Reputation: 60859
Let's assume I can have the following strings:
"hey @john..."
"@john, hello"
"@john(hello)"
I am tokenizing the string to get every word separated by a space:
[myString componentsSeparatedByString:@" "];
My array of tokens now contain:
@john...
@john,
@john(hello)
I am checking for punctation marks as follows:
NSRange textRange = [words rangeOfString:@","];
if(textRange.location != NSNotFound){ } //do something
For these cases. How can I make sure only @john is tokenized, while retaining the trailing characters:
...
,
(hello)
Note: I would like to be able to handle all cases of characters at the end of a string. The above are just 3 examples.
Upvotes: 0
Views: 637
Reputation: 96323
Are you sure CFStringTokenizer or its new Snow-Leopard-only Cocoa equivalent wouldn't be a better fit?
Splitting on just spaces is a very naïve way to tokenize, as you've found. CFStringTokenizer and enumerateSubstrings…
are much smarter about real human-language lexical rules.
Upvotes: 0
Reputation: 46020
You could use NSScanner
and NSCharacterSet
to do this. NSScanner
can scan a string up to the first occurrence of a character in a set.
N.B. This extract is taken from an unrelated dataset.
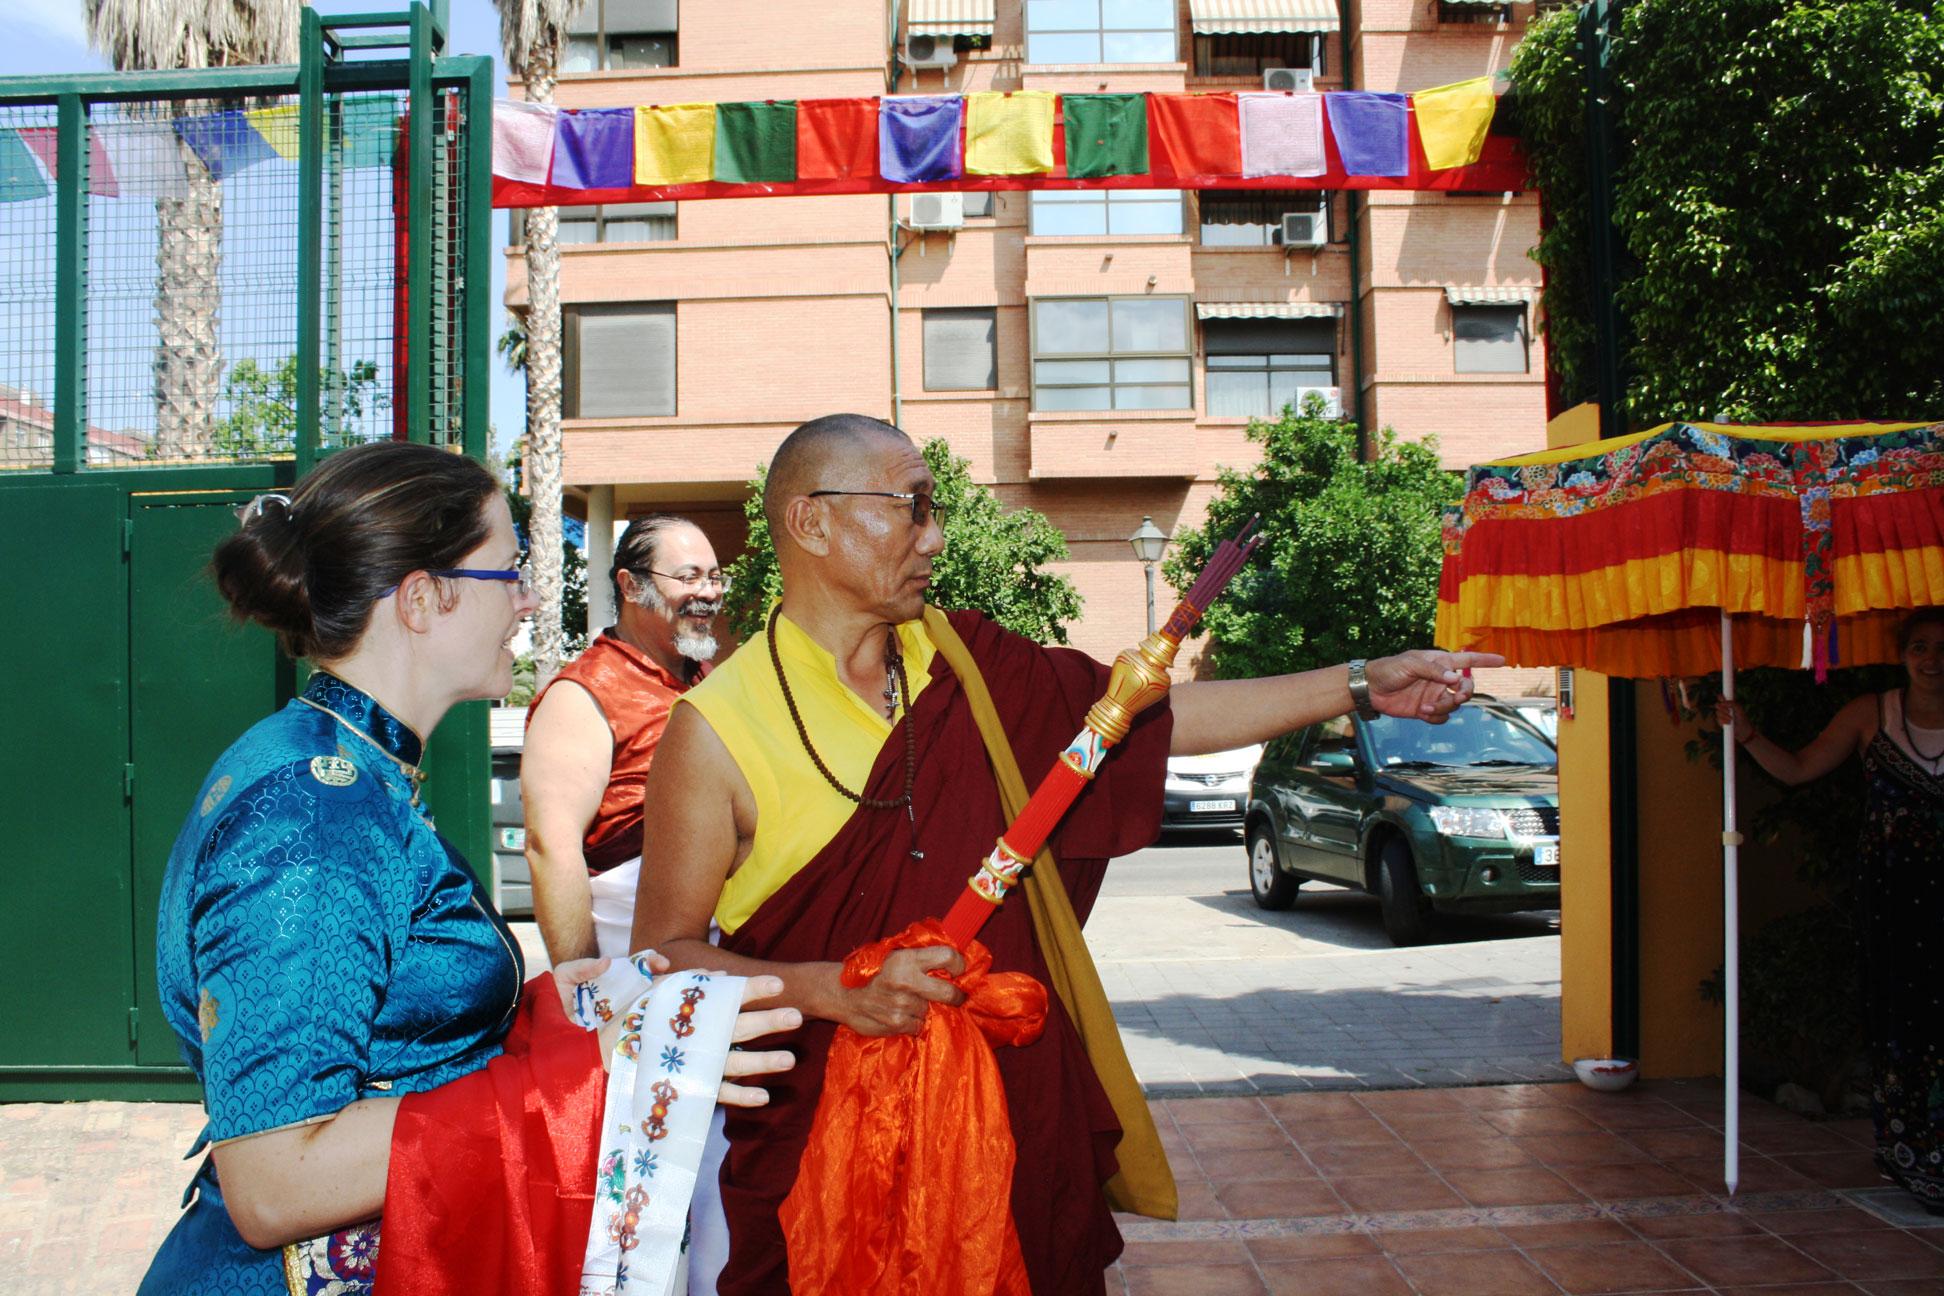 SS-Dudjom-Rinpoche-Sangye-Pema-Zhepa-evento-valencia-julio-2019-05

If you get the +alphaNumericCharacterSet
and then call -invertedSet
on it, you'll get a set of all non-alphanumeric characters.
This is probably not super-efficient but it will work:
NSArray* strings = [NSArray arrayWithObjects:
@"hey @john...",
@"@john, hello",
@"@john(hello)",
nil];
//get the characters we want to skip, which is everything except letters and numbers
NSCharacterSet* illegalChars = [[NSCharacterSet alphanumericCharacterSet] invertedSet];
for(NSString* currentString in strings)
{
//this stores the tokens for the current string
NSMutableArray* tokens = [NSMutableArray array];
//split the string into unparsed tokens
NSArray* split = [currentString componentsSeparatedByString:@" "];
for(NSString* currentToken in split)
{
//we only want tokens that start with an @ symbol
if([currentToken hasPrefix:@"@"])
{
NSString* token = nil;
//start a scanner from the first character after the @ symbol
NSScanner* scanner = [NSScanner scannerWithString:[currentToken substringFromIndex:1]];
//keep scanning until we hit an illegal character
[scanner scanUpToCharactersFromSet:illegalChars intoString:&token];
//get the rest of the string
NSString* suffix = [currentToken substringFromIndex:[scanner scanLocation] + 1];
if(token)
{
//store the token in a dictionary
NSDictionary* tokenDict = [NSDictionary dictionaryWithObjectsAndKeys:
[@"@" stringByAppendingString:token], @"token", //prepend the @ symbol that we skipped
suffix, @"suffix",
nil];
[tokens addObject:tokenDict];
}
}
}
//output
for(NSDictionary* dict in tokens)
{
NSLog(@"Found token: %@ additional characters: %@",[dict objectForKey:@"token"],[dict objectForKey:@"suffix"]);
}
}
Upvotes: 0
Reputation: 61228
See NSString's -rangeOfString:options:range:... give it a range of { [myString length] - [searchString length], [searchString length] }
and see if the resulting range's location is equal to NSNotFound
. See the NSStringCompareOptions
options in the docs for case sensitivity, etc.
Upvotes: 1